ВОРОНЦОФФ (в отчаянии). Не могу. Не так я воспитан. Даже ради нашей великой любви не могу мокрым делом рук пачкать.

ОЛАДА (преисполнен мрака). И я не могу. Однозначно. Убив его, мы и любовь свою убьем. Поправьте, если не прав.

ГОРЕЛИК (с притворным весельем). Ну вот, заладили, «не могу, не могу». Давайте я вам помогу. Вызываю вас обоих на дуэль! Ну что же вы, пацаны, так обалдели? Дуэль за прекрасную даму — разве это не в лучших традициях? Ведь это же не убийство, ведь это же в кодексе чести!

ВОРОНЦОФФ. Выход действительно найден, все решит дуэль. (Берет себя обеими руками за горло и замолкает).

ОЛАДА.

  • Прощай, душевная услада.
  • Решенье найдено — дуэль!
  • Все мифы к черту в ад услали,
  • Миф пропадает. Целься в цель!

(Вытирает слезы).

Фонтан затемняется, высвечивается бал. Тревожное танго. Все прислушиваются к шороху листьев.

СОФИ (Мамму). Он сумасшедший, ты разве не понял? А то, что ты принял за землетрясение, было просто, приступом падучей.

МАММ. Это точно, нерегулярный индивидуум, об этом и в Америке говорят.

СОФИ. Я жду тебя, как обычно, солнце мое ночное.

ЛИЛИ. Габи, ты слышал, он сумасшедший! Этот русский сумасшедший! Ну кто еще так скажет про кошек, если не сумасшедший?

НАРД. Да я в этом не сомневался ни на йоту с первой минуты. Приплел каких-то Дедделдорфов, пел про потаскуху… типичный шизофреник!

Зашелестело по всему парку: сумасшедший, сумасшедший.

ФЭЙМОС. Я все время думал, чем мы отличаемся друг от друга. Теперь-то я понял: он сумасшедший поэт, а я нормальный поэт.

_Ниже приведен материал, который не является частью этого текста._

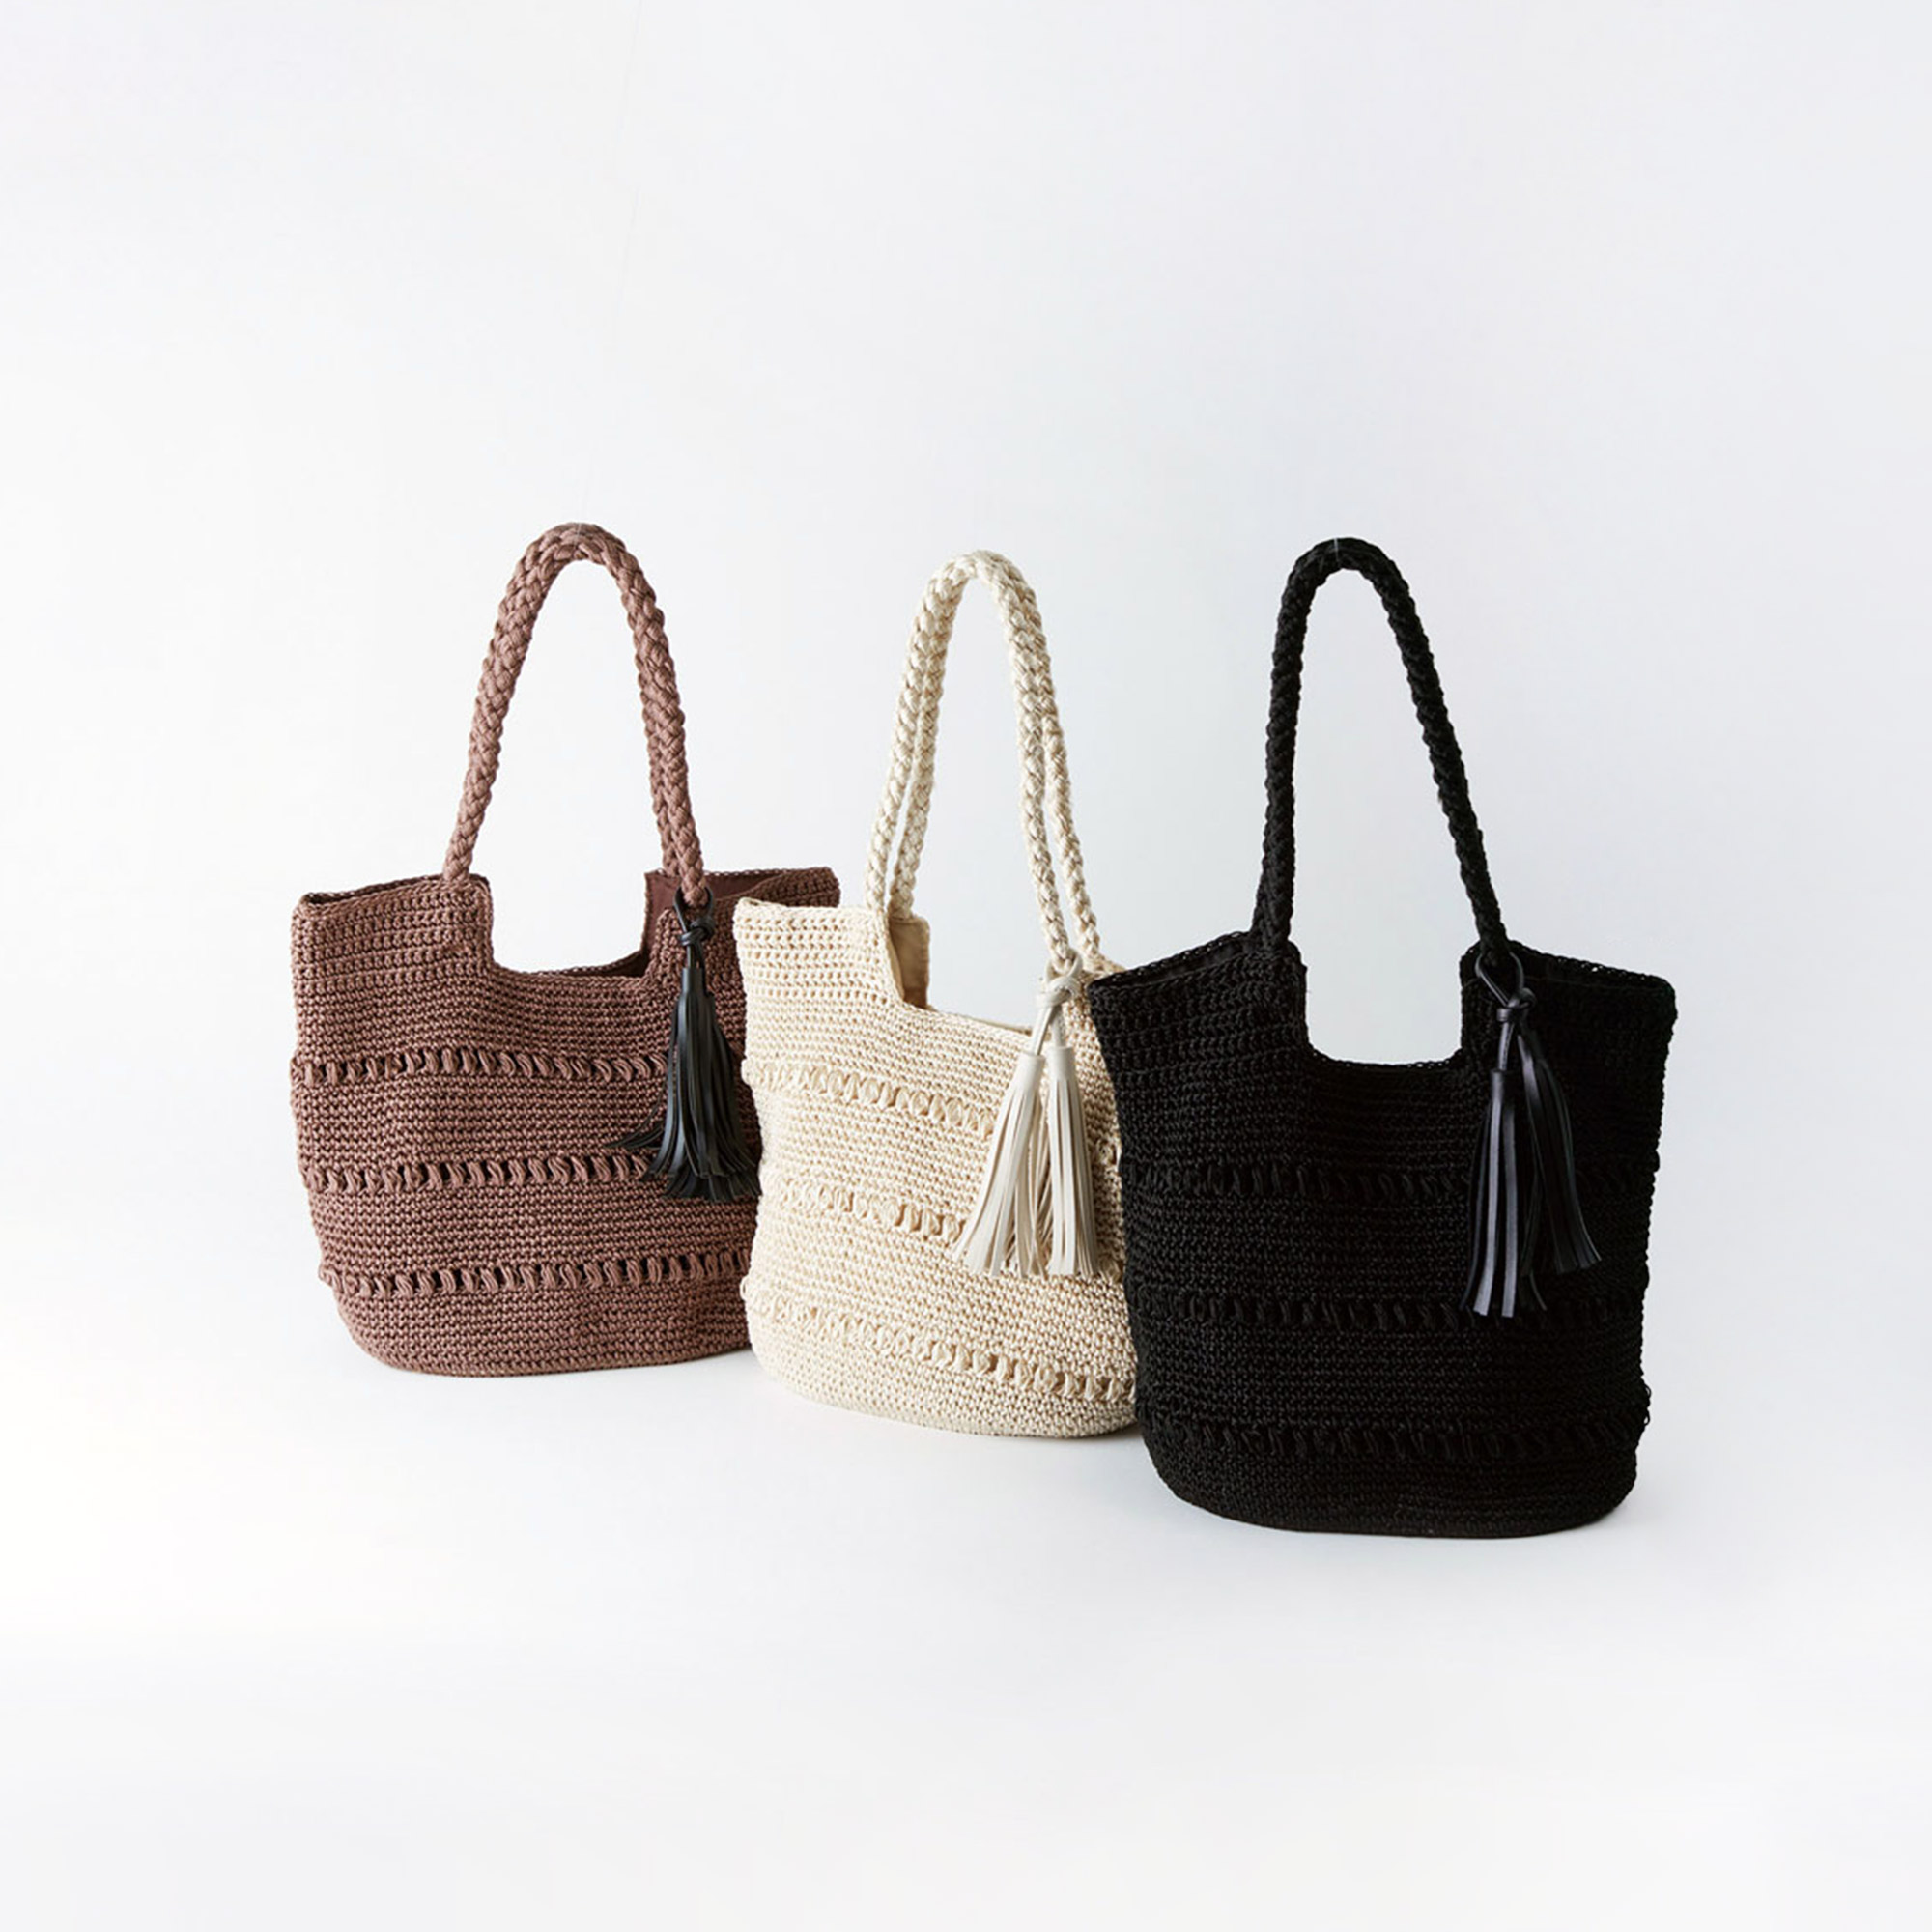 艶のある上品な クロシェトートバッグ（3色） | shesay(志成販売)｜インテリア・ファッション雑貨の卸仕入れ専用サイト

МИМИ. Сумасшествие — это полет! Меня всю жизнь окружали сумасшедшие. Кавалергарды, конная разведка, барон Оммау-Эммергау, Яшка Железнопартизанский…

РЕПОРТЕРЫ (Софи). Эй, рекордсменка, это правда, что вы увлечены сумасшедшим?

СОФИ (хохочет). Неправда, Мамм нормальный!

Внезапный порыв ветра.

ЛИЛИ. Дуэль! Я слышу, слышу каждое слово! Он вызвал их на дуэль! Вызов принят!

МАММ. Вот молодцы дядя Жека и дядя Колян, вот это по-гвардейски, закон гор! Все равно этот сумасшедший до утра бы у нас не дожил.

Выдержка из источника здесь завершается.